## Exercise
Below is a listing with pictures in it; transcribe exactly the lines from the one that has "Chic cafés abound in Seminyak." through the one that has "最高気温16度・最低気温6度 natsu_outfitsの服装", and omit those pictures.

═════ The data

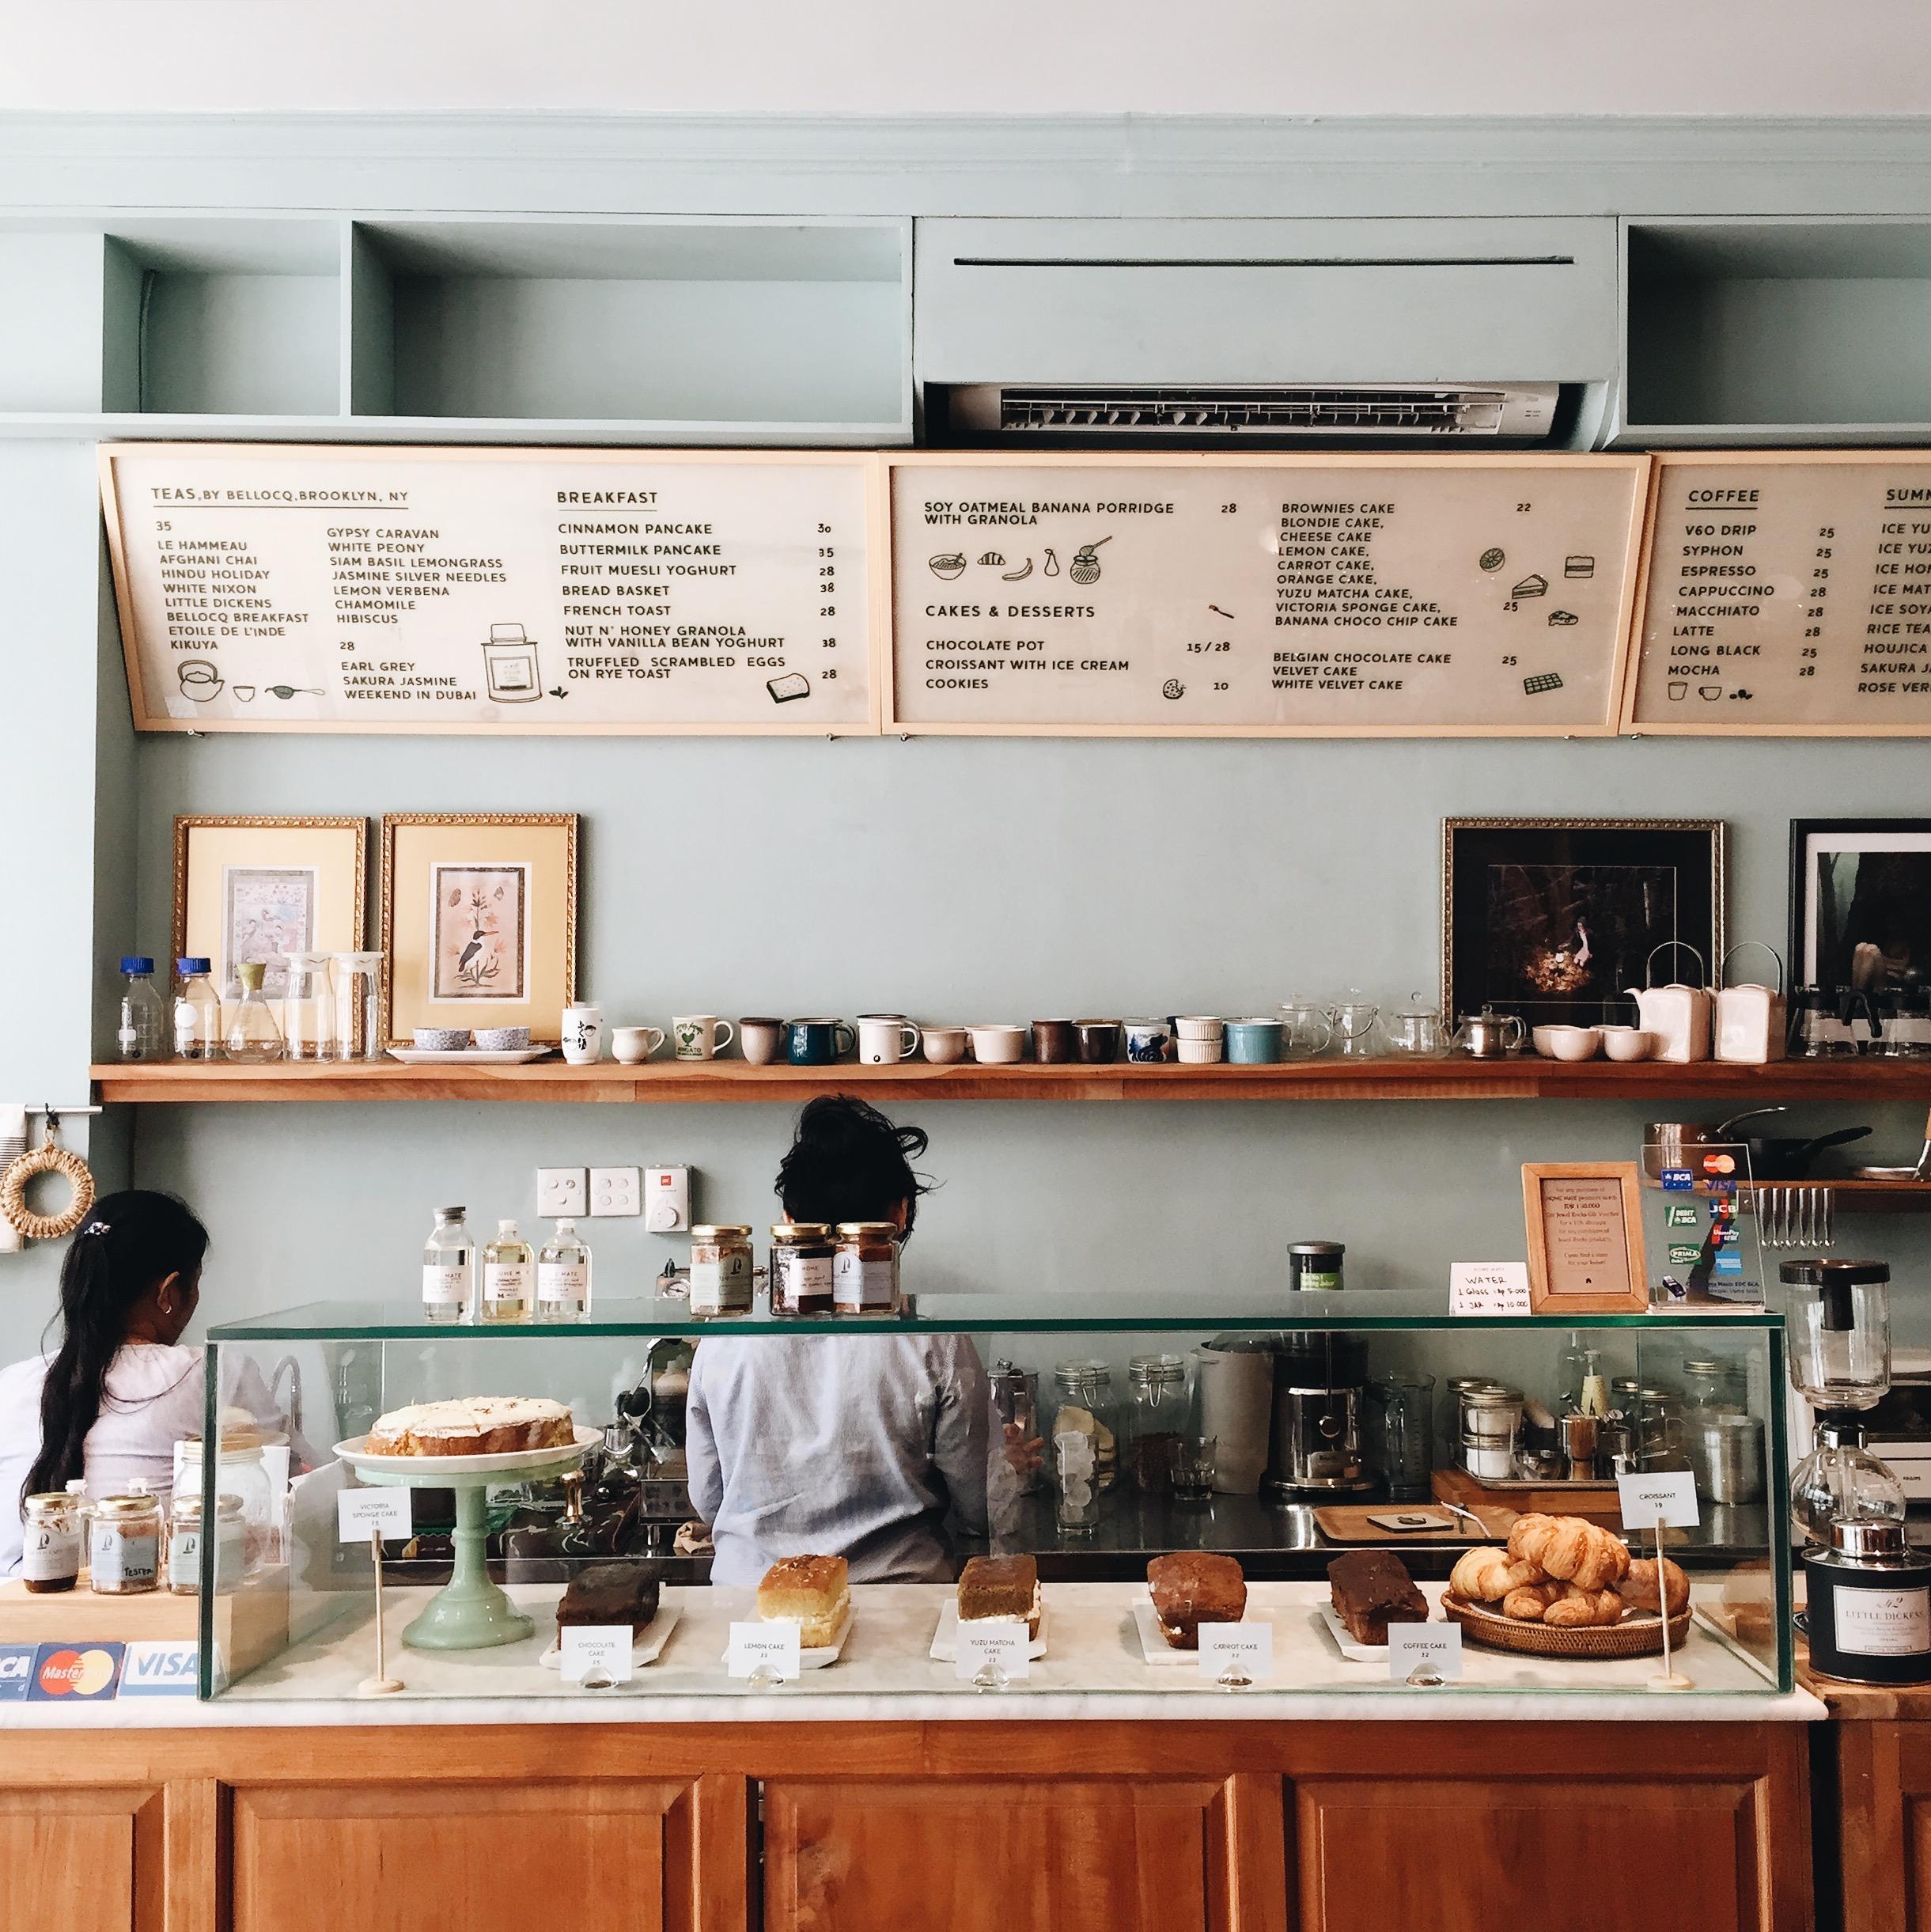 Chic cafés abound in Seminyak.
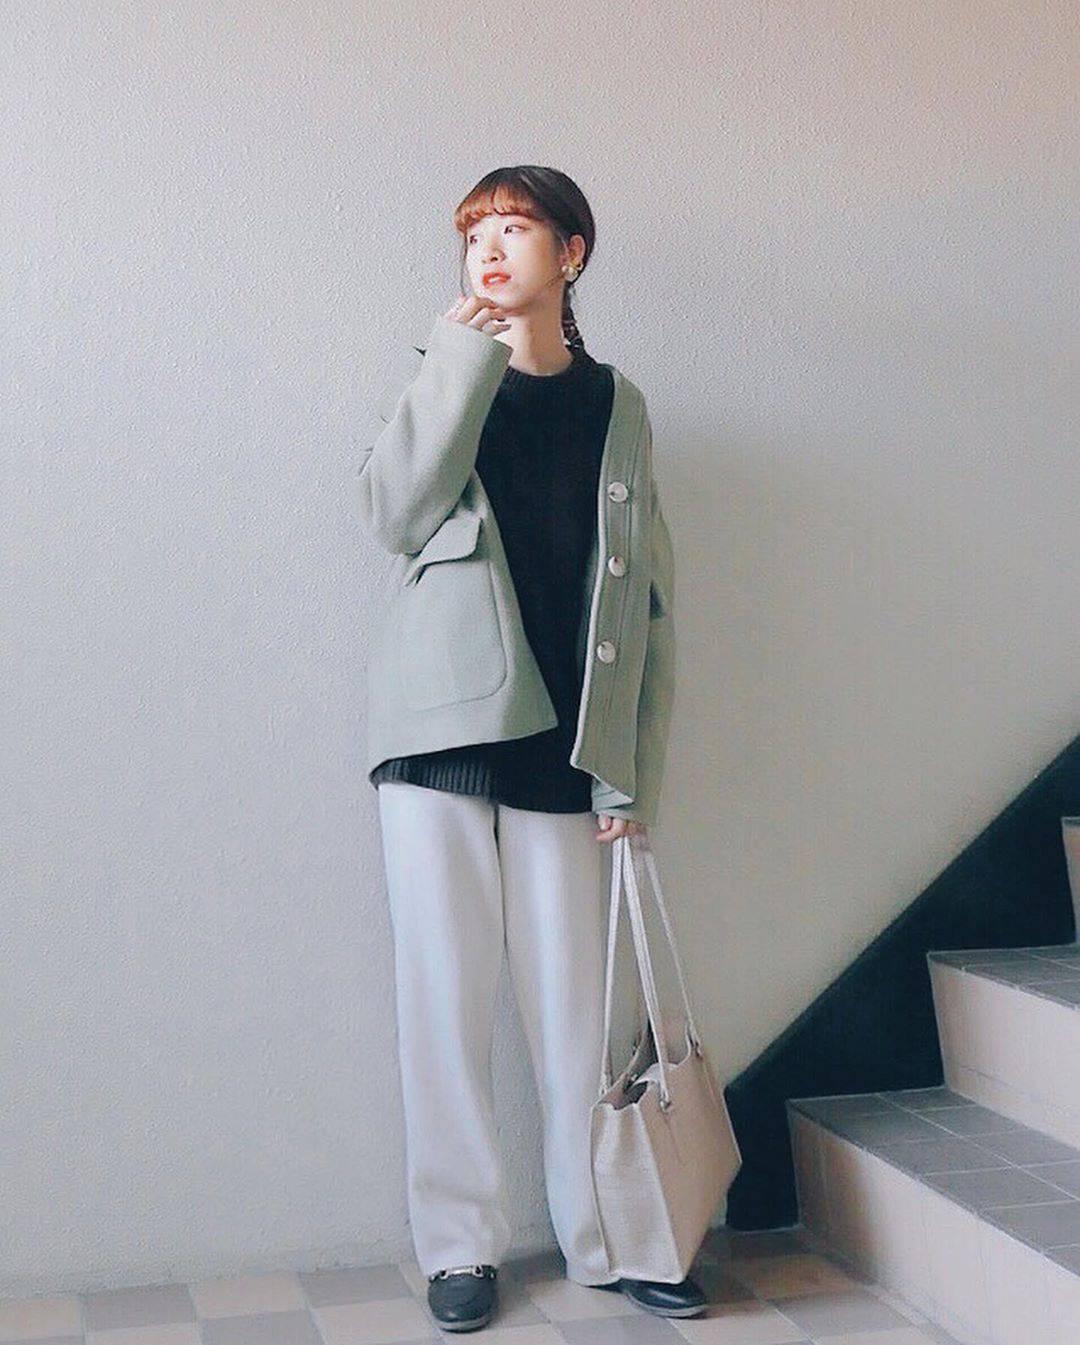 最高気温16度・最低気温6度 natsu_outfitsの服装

══════════
═════ The data

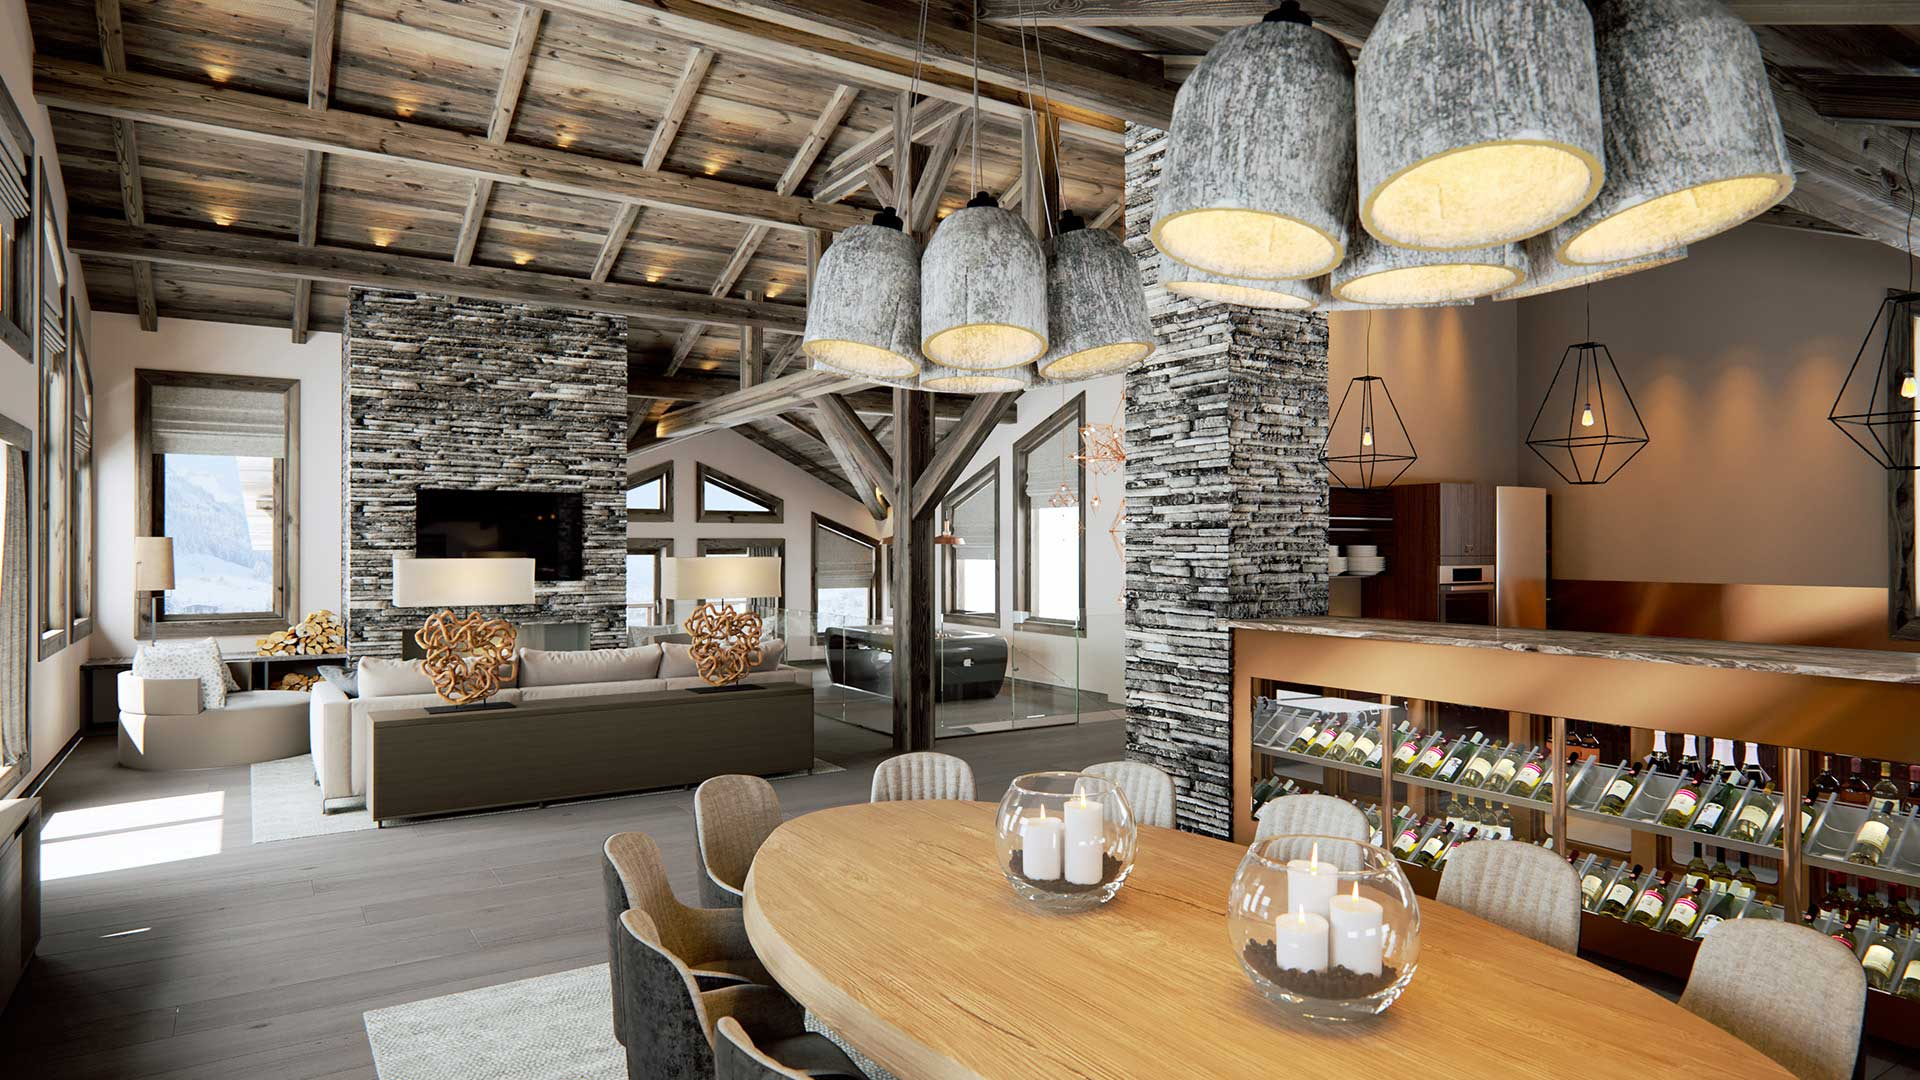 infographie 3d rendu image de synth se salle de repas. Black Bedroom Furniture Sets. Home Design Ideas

══════════

## Answer box
 Chic cafés abound in Seminyak.
 最高気温16度・最低気温6度 natsu_outfitsの服装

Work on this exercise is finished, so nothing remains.